Low prices (especially used), solid and reliable basic engineering, and some maddening flaws (wiring, mostly) add up to a bike that you can and must make your own. And you need to put in more than money; it's about sweat equity as well. You put in time, you overcome frustration, and in the process you develop a bond.

You see the opposite with, for example, high-priced BMWs.
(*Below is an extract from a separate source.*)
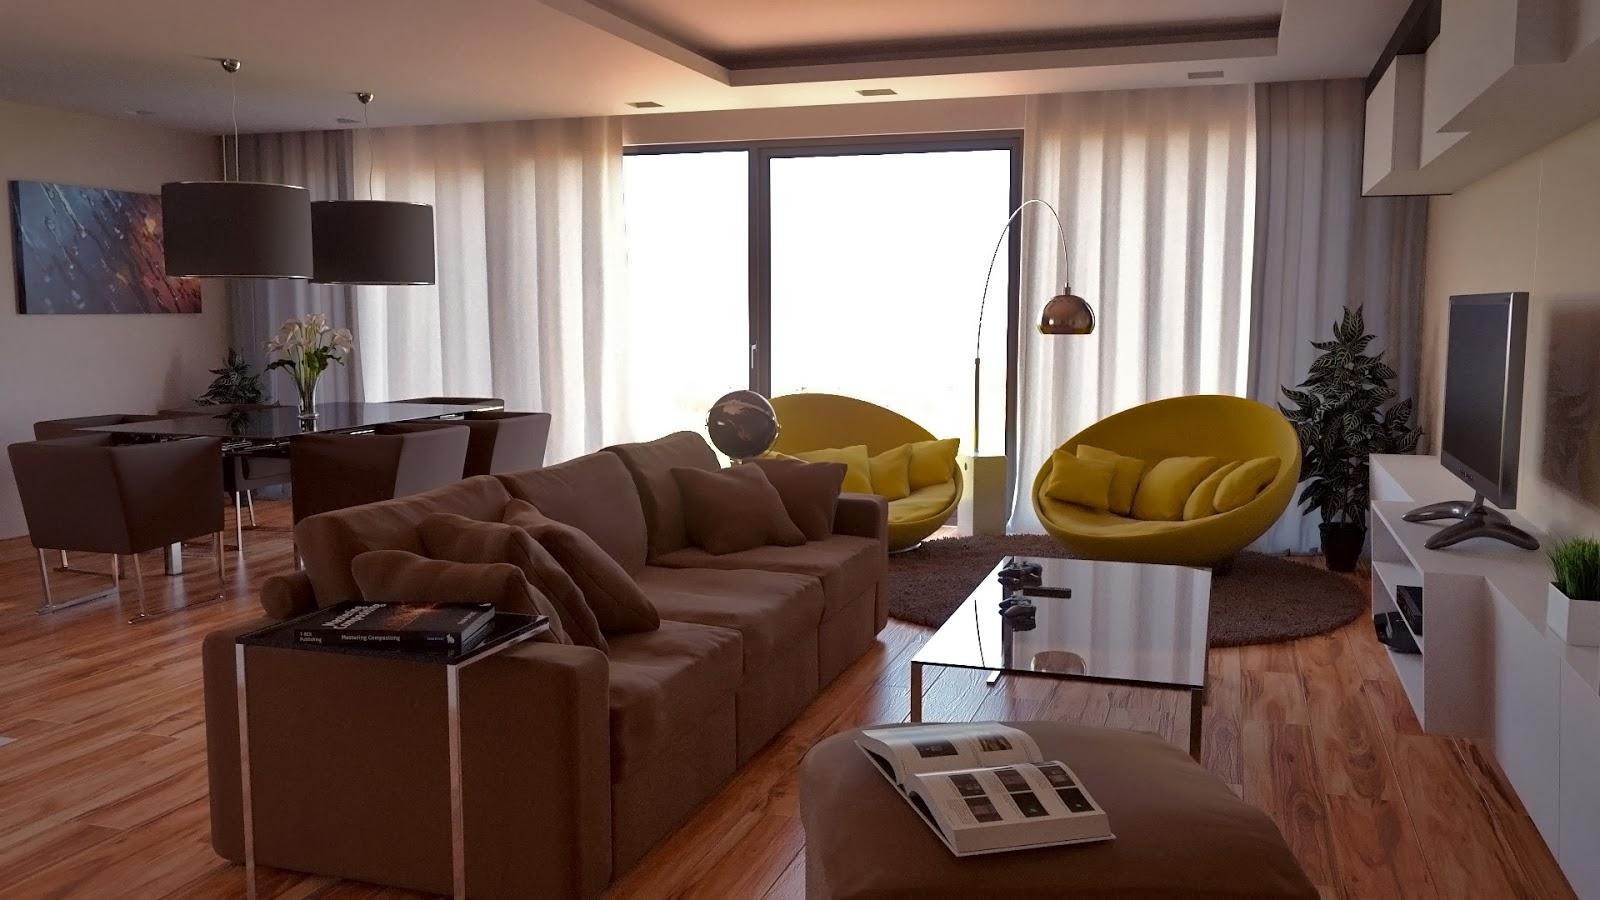 Artwork On Screen Modern House Model Blender Render
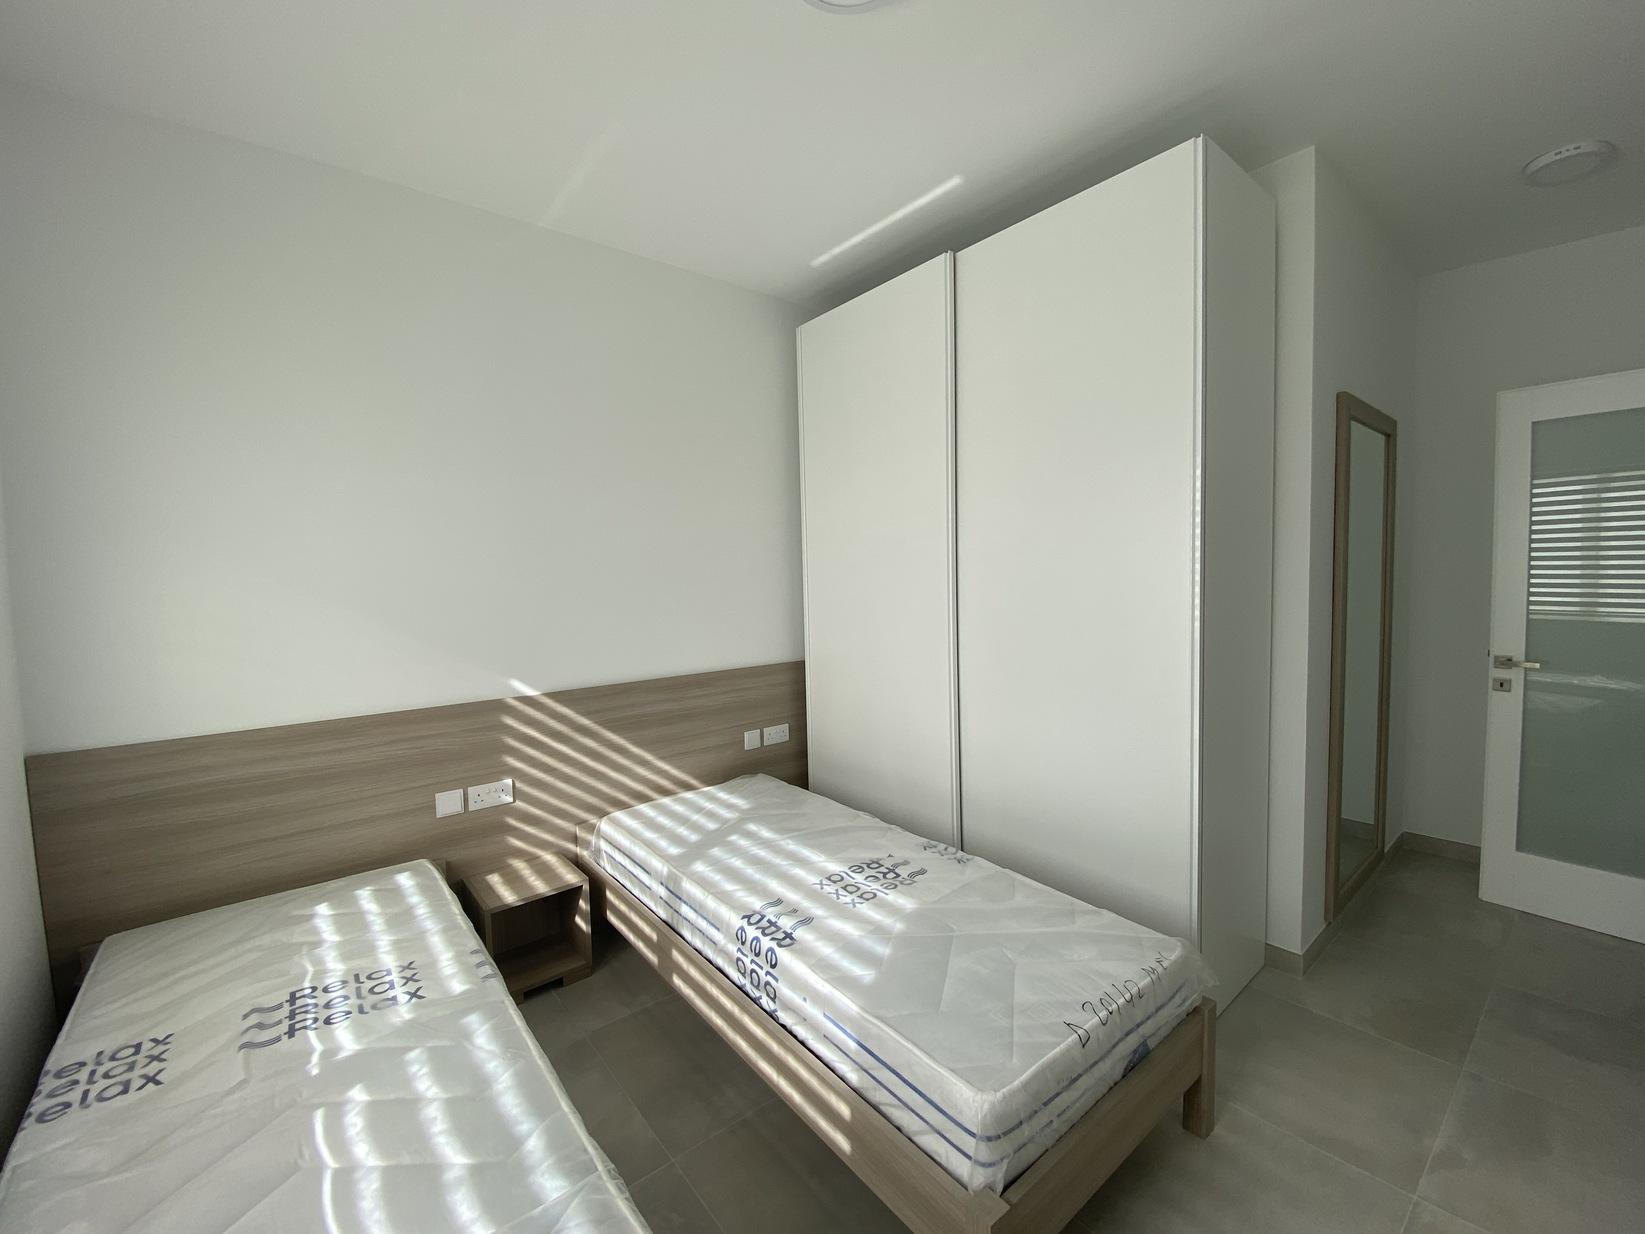 3 bed Apartment For Rent in Lija, Lija - thumb 11

There are plenty of folks who watch "Long Way Round", buy a BMW, slather it with the Touratech catalog, then scare themselves silly the first time they head down a gravel road. A few months or years later, the low-mileage bike appears in the flea market on ADVrider, or becomes a trade-in. All they did was put in money; there's no attachment.

With vintage bikes, you see this as well. With a few exceptions, there's simply no such thing as "flipping" a vintage motorcycle for profit. You're going to spend a lot more than it's "worth" to get it safe and reliable. Over on the vintage Suzuki forum, we have to break this reality to newbies all the time. Starting with a running bike and the standard assortment of neglect, you're in for $800-$1,200 or so plus a large whack of time and likely frustration to bring it up to snuff mechanically (never mind cosmetics). There aren't any shortcuts, but the path is well-understood and well-documented.

At the end, you get more than just a neat old bike; you get a real sense of accomplishment and you learn a lot.

Financially, it makes no sense. For that matter, motorcycles don't make any sense in the first place, financially or otherwise. We ride simply because we love it, and no other reasons are required. And making a motorcycle your own can be an important part of that enjoyment.